Claim 14 includes limitations that are directed to a non-transitory computer-readable storage medium incorporating the method of claim 1. This forms generic computer elements configured to execute the abstract idea mathematical relationships and calculations of independent claim 1. Therefore, it does not integrate the judicial exception of the independent claim into a practical application or amount to significantly more.
Claim Rejections - 35 USC § 102
The following is a quotation of the appropriate paragraphs of 35 U.S.C. 102 that form the basis for the rejections under this section made in this Office action:
A person shall be entitled to a patent unless –
(a)(1) the claimed invention was patented, described in a printed publication, or in public use, on sale, or otherwise available to the public before the effective filing date of the claimed invention.
Claims 1-7, 9, and 11-14 are rejected under 35 U.S.C. 102(a)(1) as being anticipated by Lee, H., et al. (“Bayesian deep learning-based 1H-MRS of the brain: Metabolite quantification with uncertainty estimation using Monte Carlo dropout,” Proceedings of the 2021 ISMRM & SMRT Annual Meeting & Exhibition.” 2021. P. 1-6) hereinafter Lee (see NPL reference of applicant’s IDS of 5/24/2024 for citations).
Regarding claim 1, Lee teaches:
A method for non-invasive quantification of metabolites in a body (introduction; page 2, figure 1), comprising:
predicting aleotoric uncertainty information (figure 1, “sampled variance spectrum”; pages 1-2, Methods and Results) and a sample spectrum (figure 1, “sampled metabolite only spectrum”; pages 1-2, Methods and Results) from a pre-processed input spectrum using an artificial neural network (figure 1, “input to BCNN” and “BCNN”; pages 1-2, Methods and Results), wherein the sample spectrum has a form in which signal quality is improved compared to the pre-processed input spectrum (introduction; figure 1, pages 1-2, Methods and Results, sampled metabolite only spectrum includes a better SNR and percent error minimization);
generating a predictive mean spectrum by calculating an average of the sample spectrum (figure 1, “predictive mean spectrum”; pages 1-2, Methods and Results);
calculating an epistemic uncertainty spectrum of the sample spectrum based on a variance of the sample spectrum (figure 1, “epistemic uncertainty spectrum”; pages 1-2, Methods and Results);
calculating an aleatoric uncertainty spectrum of the sample spectrum based on an average of the aleatoric uncertainty information (figure 1, “aleatoric uncertainty spectrum”; pages 1-2, Methods and Results); and
calculating a two-standard deviation spectrum (2SD spectrum) of the sample spectrum based on the epistemic uncertainty spectrum and the aleatoric uncertainty spectrum (figure 1, “2SD spectrum from total uncertainty spectrum”; pages 1-2, Methods and Results).

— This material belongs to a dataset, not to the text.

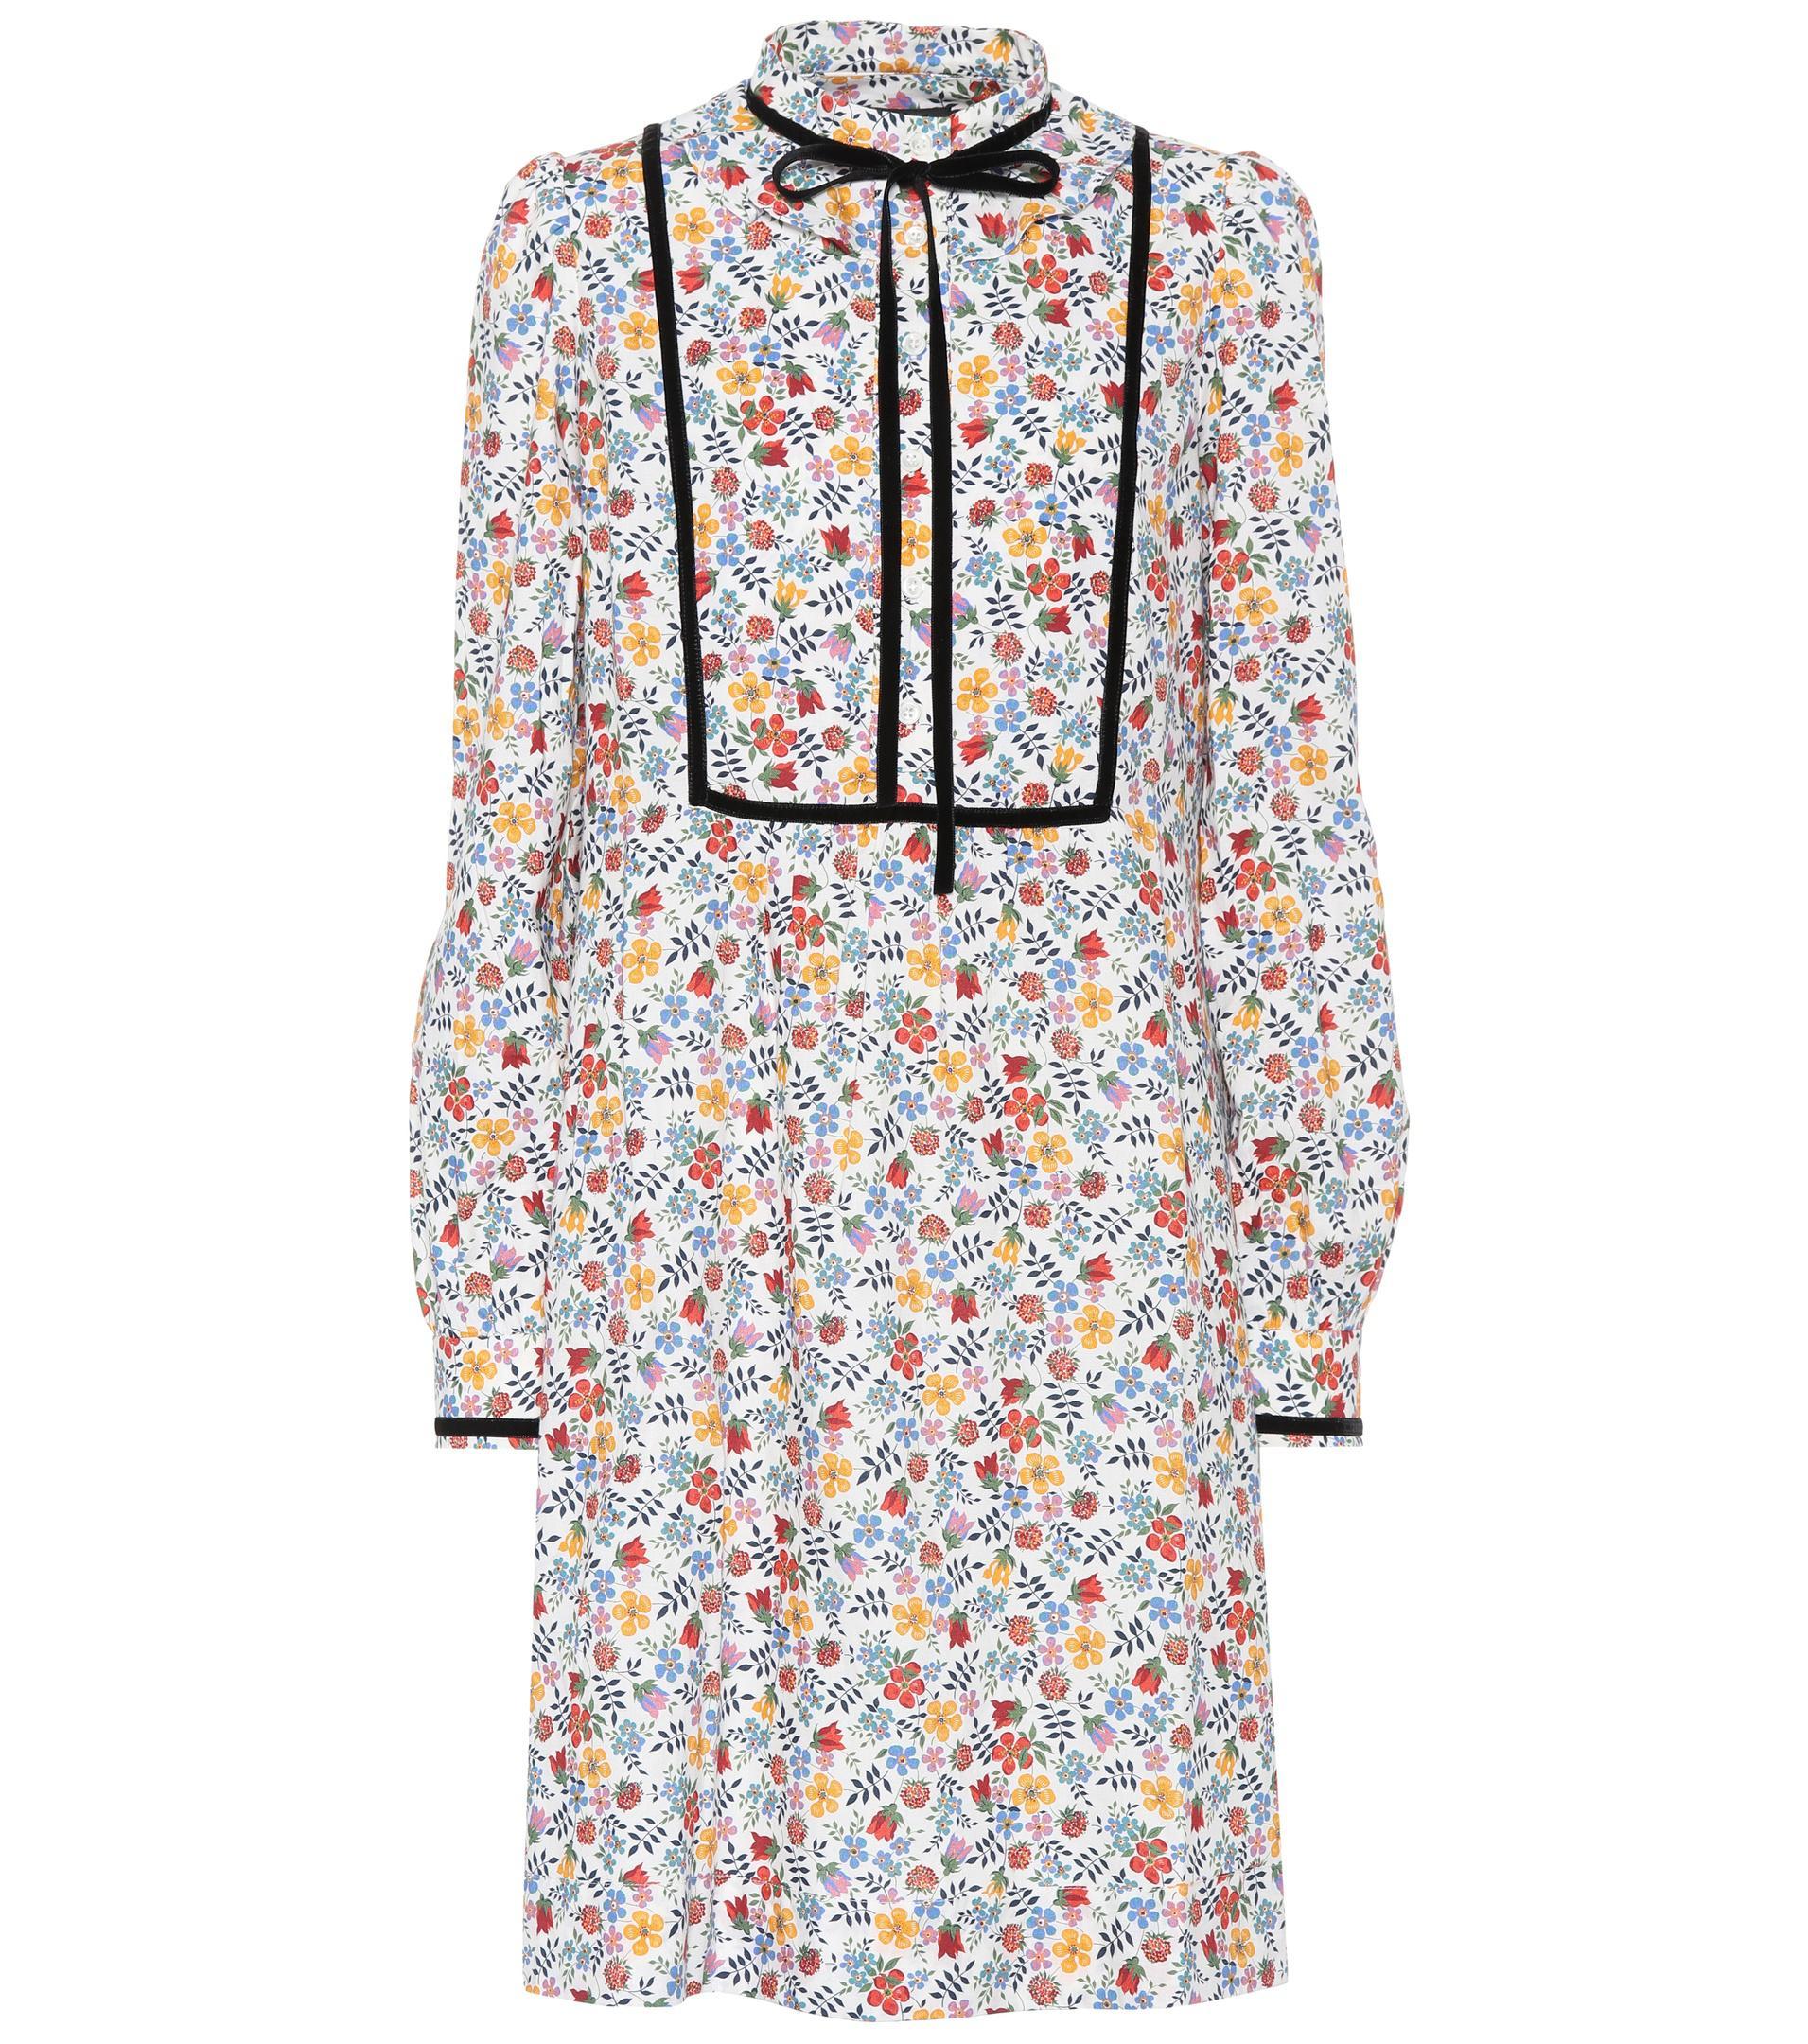 Rita printed cotton dress A.P.C. hewVreAtzJ
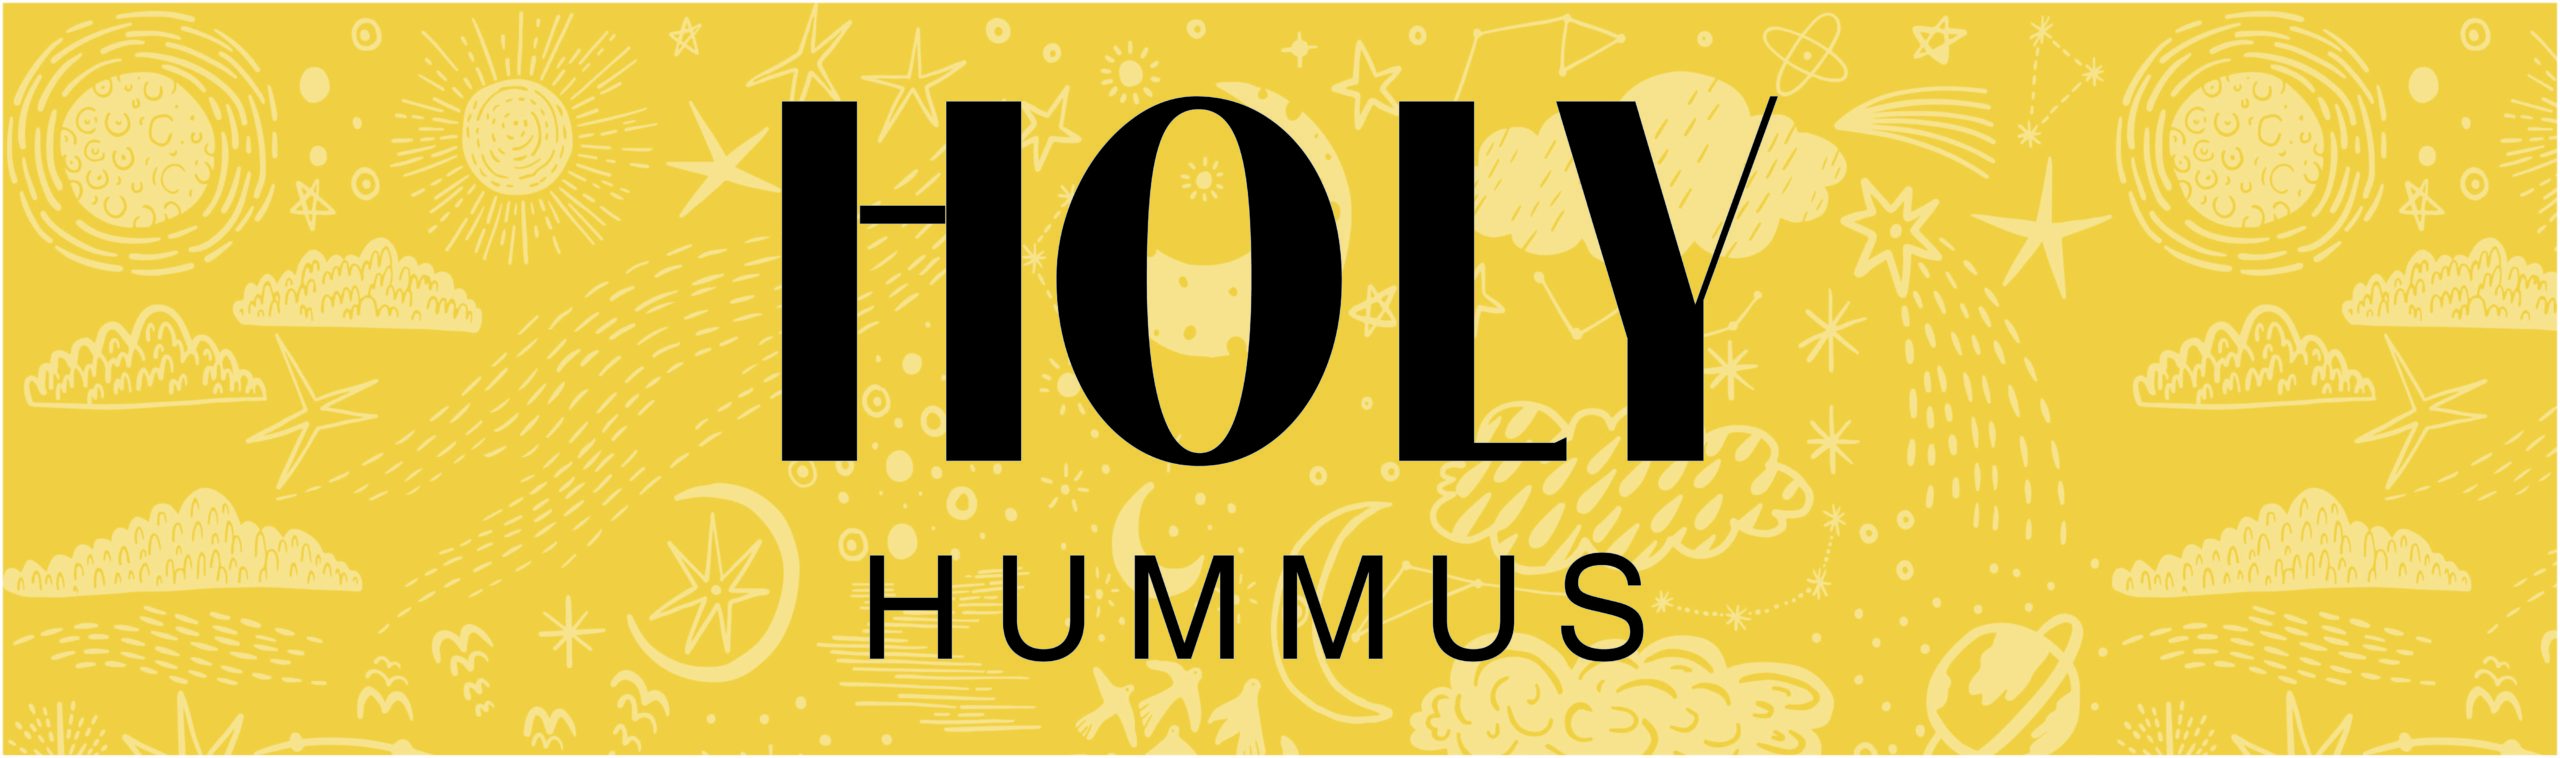 Wielkie Otwarcie Holy Hummus

Regarding claim 2, Lee teaches all of the limitations of claim 1. Lee further teaches:
wherein the artificial neural network includes a Bayesian convolutional neural network (BCNN) (figure 1, “BCNN”; pages 1-2, Methods and Results).
Regarding claim 3, Lee teaches all of the limitations of claim 1. Lee further teaches:
wherein, when compared to the pre-processed input spectrum, a signal-to-noise ratio (SNR), a linewidth, and a phase/frequency are adjusted and an MM signal is added in the sample spectrum (pages 1-2, Methods, “For each spectrum, the SNR was lowered and the linewidth was broadened simultaneously and gradually to generate 10 modified spectra with different SNR and linewidth combinations”).
Regarding claim 4, Lee teaches all of the limitations of claim 1. Lee further teaches:
wherein the predicting includes predicting T sample spectra and T pieces of aleatoric uncertainty information per the pre-processed input spectrum through T times Monte Carlo dropout sampling (MCDO sampling), the sample spectrum corresponds to a metabolite-only output spectrum, and the aleatoric uncertainty information corresponds to a noise variance spectrum (pages 1-2, Methods, “BCNN”; Figure 1, “T times MCDO”; pages 1-2, Methods and Results; Sample spectrum is metabolite only output spectrum as in figure 1 and aleatoric uncertainty corresponds to noise variance as in figure 1).
Regarding claim 5, Lee teaches all of the limitations of claim 4. Lee further teaches
wherein the predictive mean spectrum is generated based on an average value of the sample spectra for each data point (figure 1, “predictive mean spectrum”; and pages 1-2, Methods and Results, generated based upon average from each metabolite content data).
Regarding claim 6, Lee teaches all of the limitations of claim 1. Lee further teaches:
wherein the calculating of the 2SD spectrum includes: calculating a total uncertainty spectrum by summing the epistemic uncertainty spectrum and the aleatoric uncertainty spectrum; calculating a standard deviation spectrum (SD-spectrum) from a 1/2 power of the total uncertainty spectrum; andcalculating the 2SD spectrum by multiplying the SD spectrum by 2 (pages 1-2, Methods and Results, BCNN “For the estimation of the corresponding uncertainty, first, a two-standard deviation (2xSD) spectrum (2σ in Figure 1) was obtained from the total uncertainty spectrum”; figure 1 “2SD spectrum (2σ)”).
Regarding claim 7, Lee teaches all of the limitations of claim 1. Lee further teaches:
further comprising: performing baseline correction on the predictive mean spectrum and the 2SD spectrum; calculating a metabolite content value by performing linear regression on the corrected predictive mean spectrum; calculating a metabolite standard deviation value by performing linear regression on the corrected 2SD spectrum; and normalizing the metabolite content value and the metabolite standard deviation value (page 1, Methods, “BCNN, each individual metabolite content was estimated from the predictive mean spectrum (Figure 1) by multiple regression using the metabolite basis set as previously described… Finally, the uncertainty was converted into the percentage with respect to the metabolite content (% uncertainty) for each metabolite”; pages 1-2, Methods and Results).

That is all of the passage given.